[Python-ideas] adding dictionaries

Alexander Heger python at 2sn.net
Tue Jul 29 00:21:09 CEST 2014


> When the underlying dicts and desired combined dict are all going to be used immutably, ChainMap is the perfect answer. (Better than an "updated" function for performance if nothing else.) And usually, when you're looking for a non-mutating combine-dicts operation, that will be what you want.
>
> But usually isn't always. If you want a snapshot of the combination of mutable dicts, ChainMap is wrong. If you want to be able to mutate the result, ChainMap is wrong.
>
> All that being said, I'm not sure these use cases are sufficiently common to warrant adding an operator--especially since there are other just-as-(un)common use cases it wouldn't solve. (For example, what I often want is a mutable "overlay" ChainMap, which doesn't need to copy the entire potentially-gigantic source dicts. I wouldn't expect an operator for that, even though I need it far more often than I need a mutable snapshot copy.)
>
> And of course, as you say, real-life use cases would be a lot more compelling than theoretical/abstract ones.
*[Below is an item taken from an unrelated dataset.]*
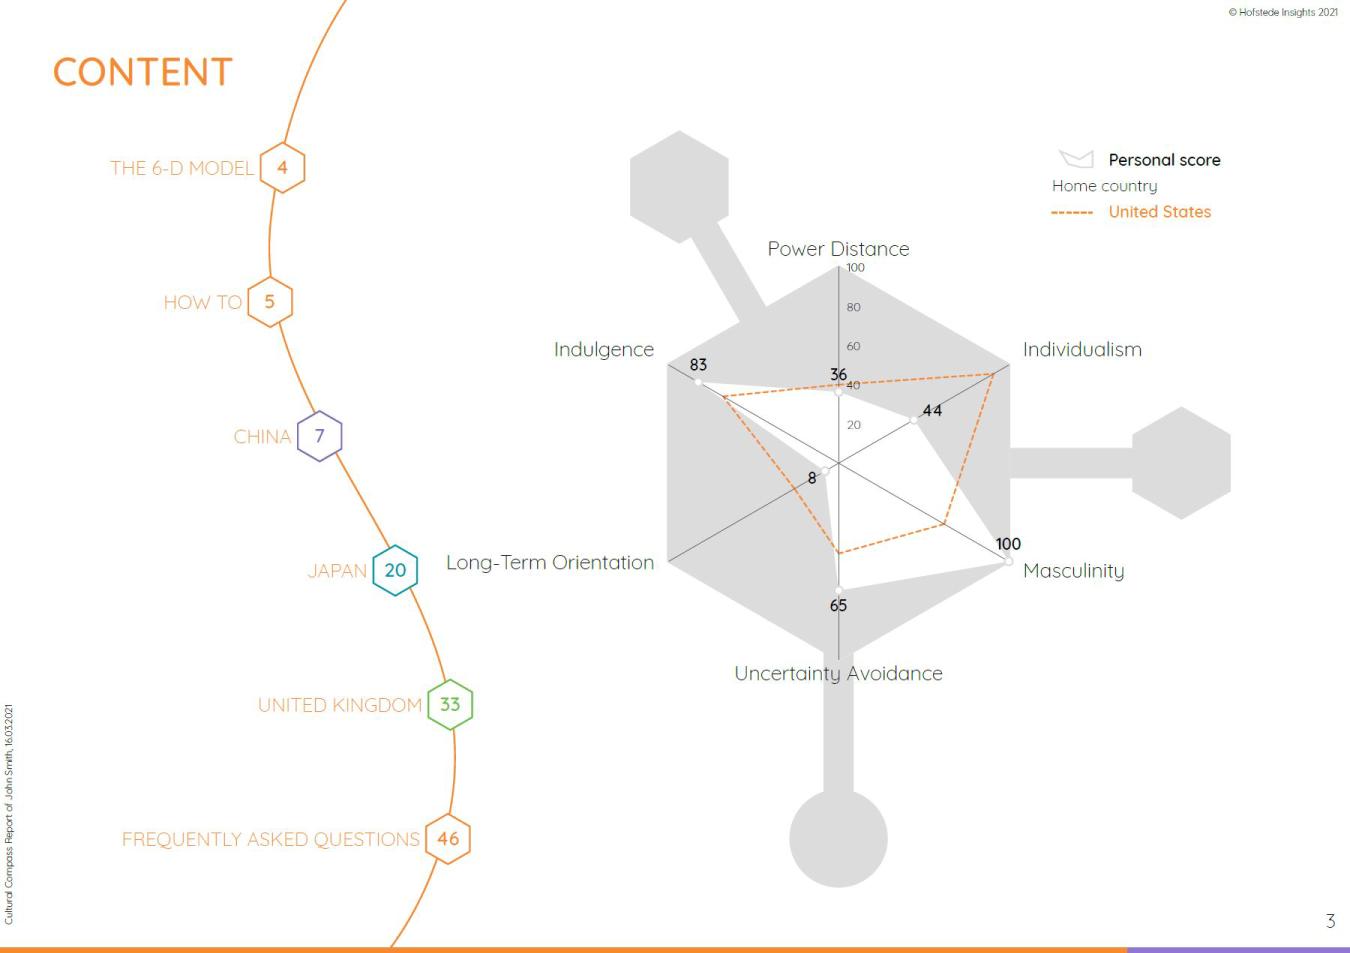 demo-culture-compass-report-1.jpg-2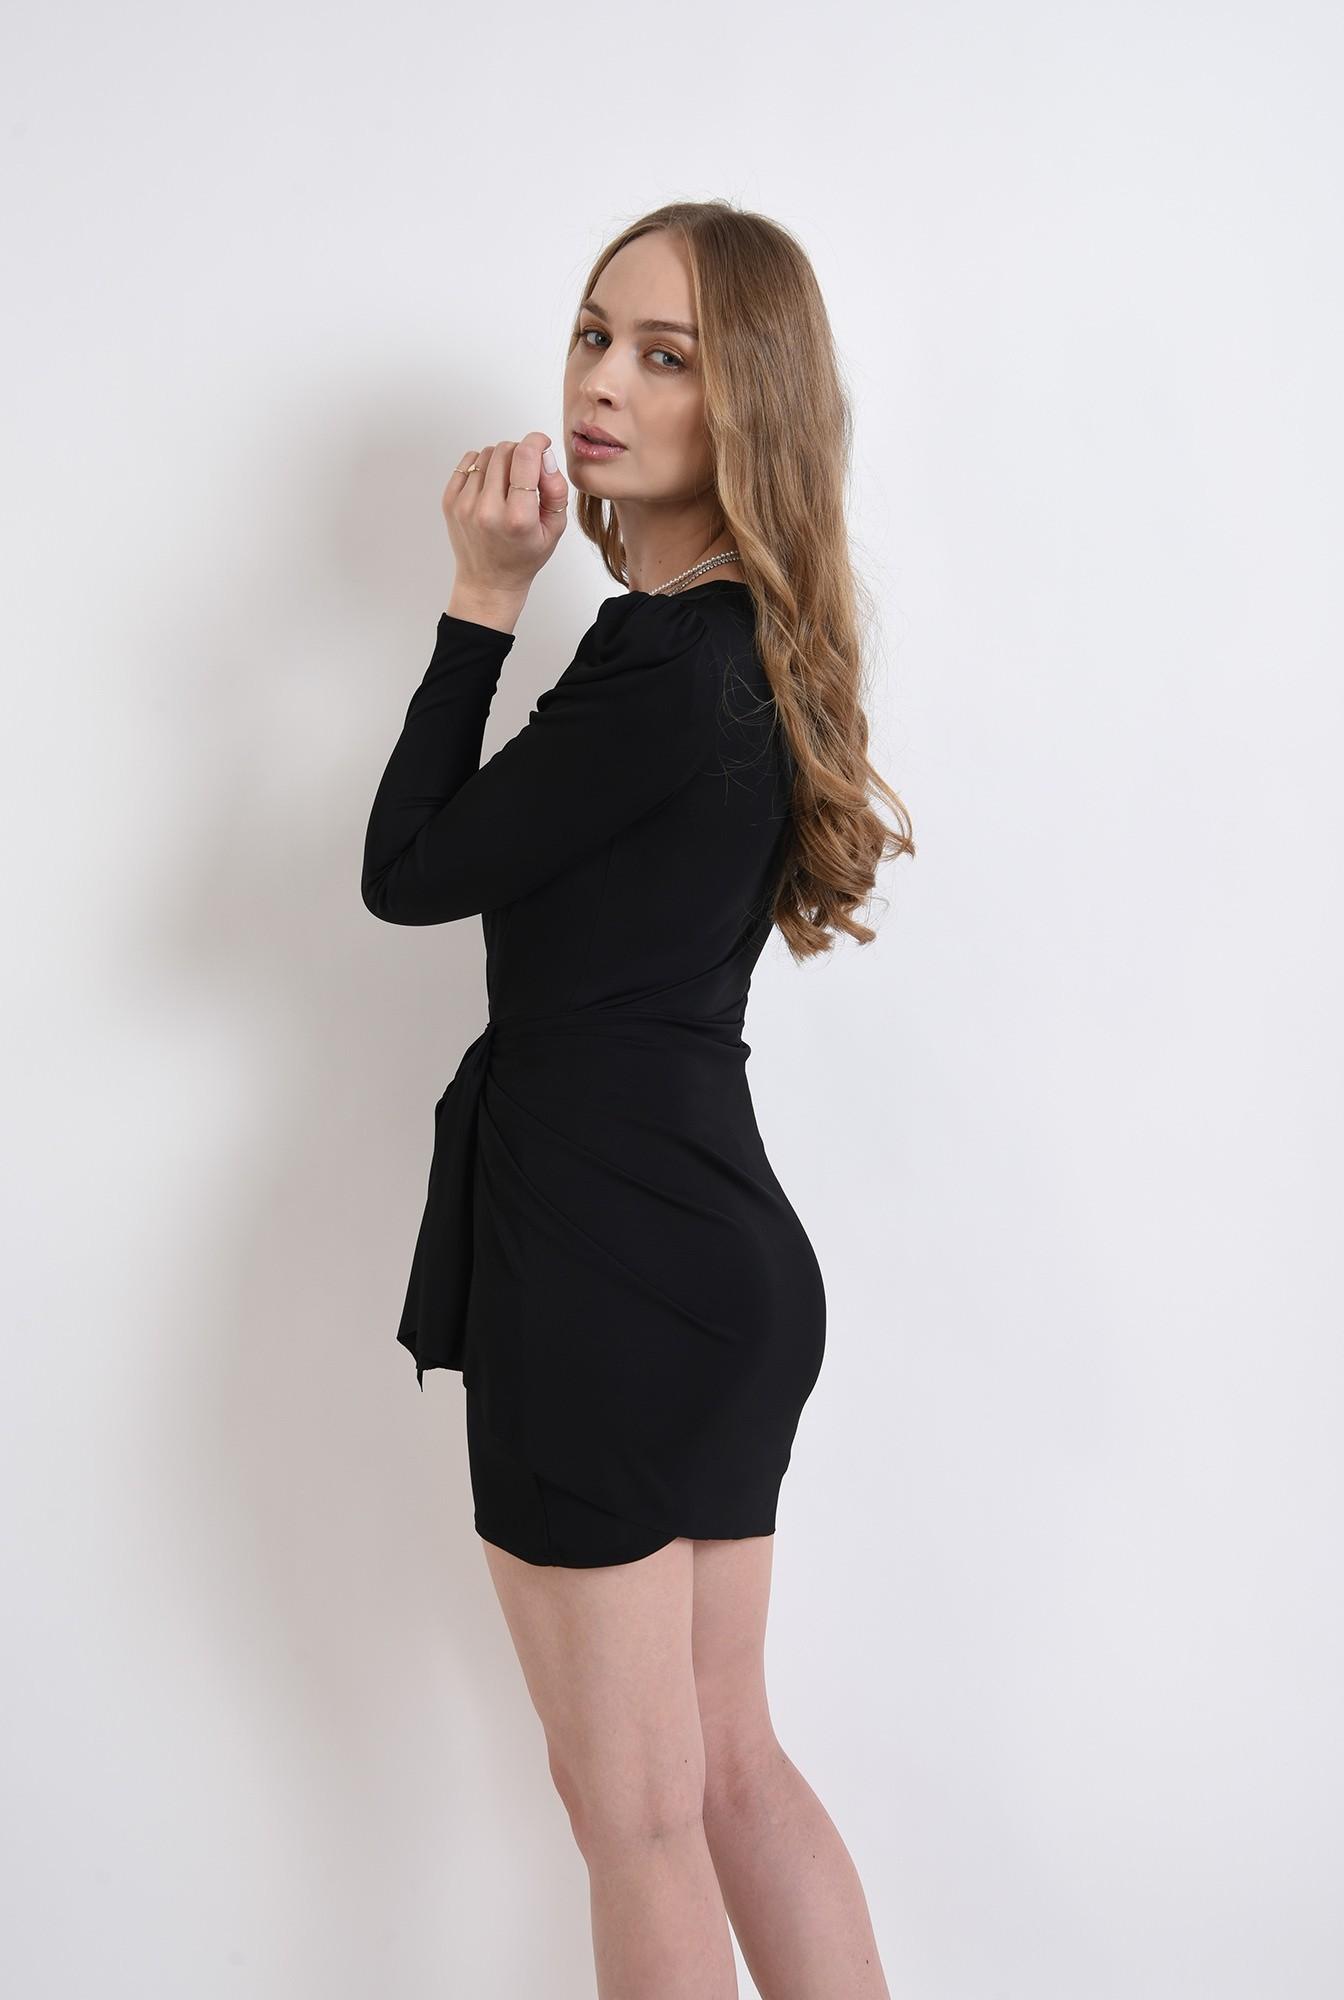 2 - rochie scurta, decoltata, din lycra

For many applications you may not care one way or the other, only for
some you do, and only then you need to know the details of operation.

My point is to make the dict() data structure more easy to use for
most users and use cases.  Especially novices.
This is what adds power to the language.  Not that you can do things
(Turing machines can) but that you can do them easily and naturally.